Demiryolları, sanayi devriminin
en önemli teknolojik gelişmesi olarak kabul edilmektedir. XIX. yüzyıla
girerken, ekonomik gelişimini sosyal gelişim ile dengeli bir şekilde götüren devletler
yeterli sermaye birikimlerini sağlayıp merkez ülkeler konumuna yükselmişlerdir.

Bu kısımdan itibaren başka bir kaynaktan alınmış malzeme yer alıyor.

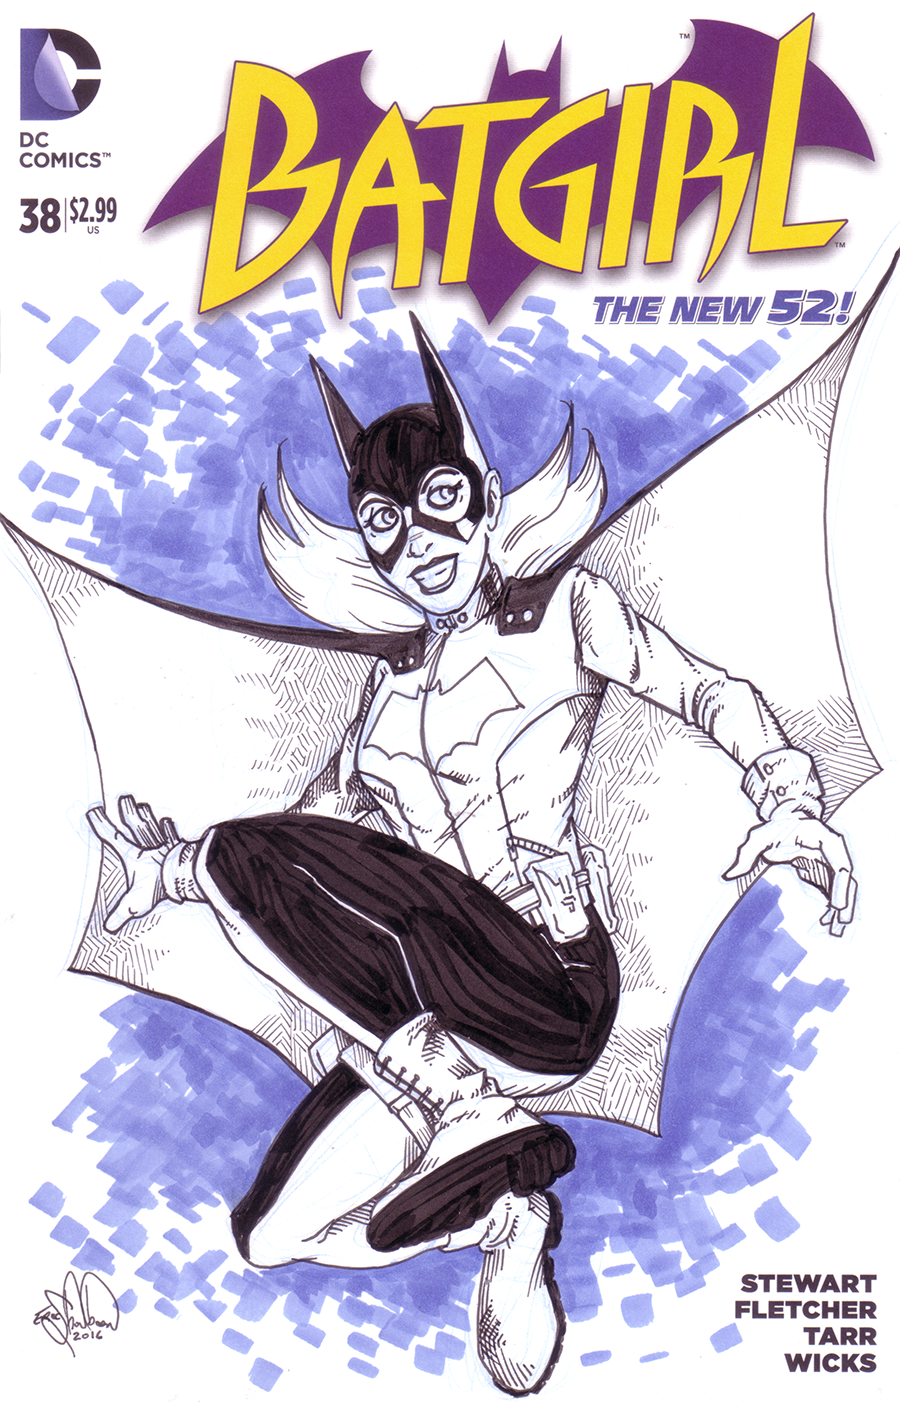 492. Batgirl

Biriken aşırı sermaye ve üretim fazlası için yeni pazarlara duyulan ihtiyaç ve
bu pazarlara arzulanan güvenli ve süratli ulaşım gereksinimi, demiryolları
teknolojilerinin geliştirilmesiyle büyük oranda giderilmiştir. Osmanlı Devleti
örneğinde olduğu gibi, merkez ülkelerinin dışında kalan çevre ülkeler de ise,
demiryolu teknolojisi talebi merkez ülkelerinin ekonomik ve askeri stratejik
projeleri üzerinde şekillenmiştir. Osmanlı Devleti, yönetimi altındaki
topraklarda demiryolu ağlarını geliştirmek için büyük gayret sarf etmiş, önemli
başarılara imza atılmasına rağmen milli bir demiryolu politikasını
geliştirmekte zorlanmıştır.
I. Dünya Savaşı ve Milli Mücadele
yıllarında Osmanlı Devleti demiryollarının projelendirme ve işletmesinde
yaşanan eksiklikler tüm çıplaklığı ile ortaya çıkmıştır. Cumhuriyetin ilanıyla
beraber, cumhuriyet hükumetleri, geçmiş
örneklerden de dersler çıkarılarak, milli demiryolu politikaları oluşturmak
öncelikli hedefleri olmuştur. Dar ve kısıtlı imkanlara rağmen millilik
prensibinden ayrılmamak üzere girişilen demiryolu projeleriyle büyük mesafeler alınmıştır.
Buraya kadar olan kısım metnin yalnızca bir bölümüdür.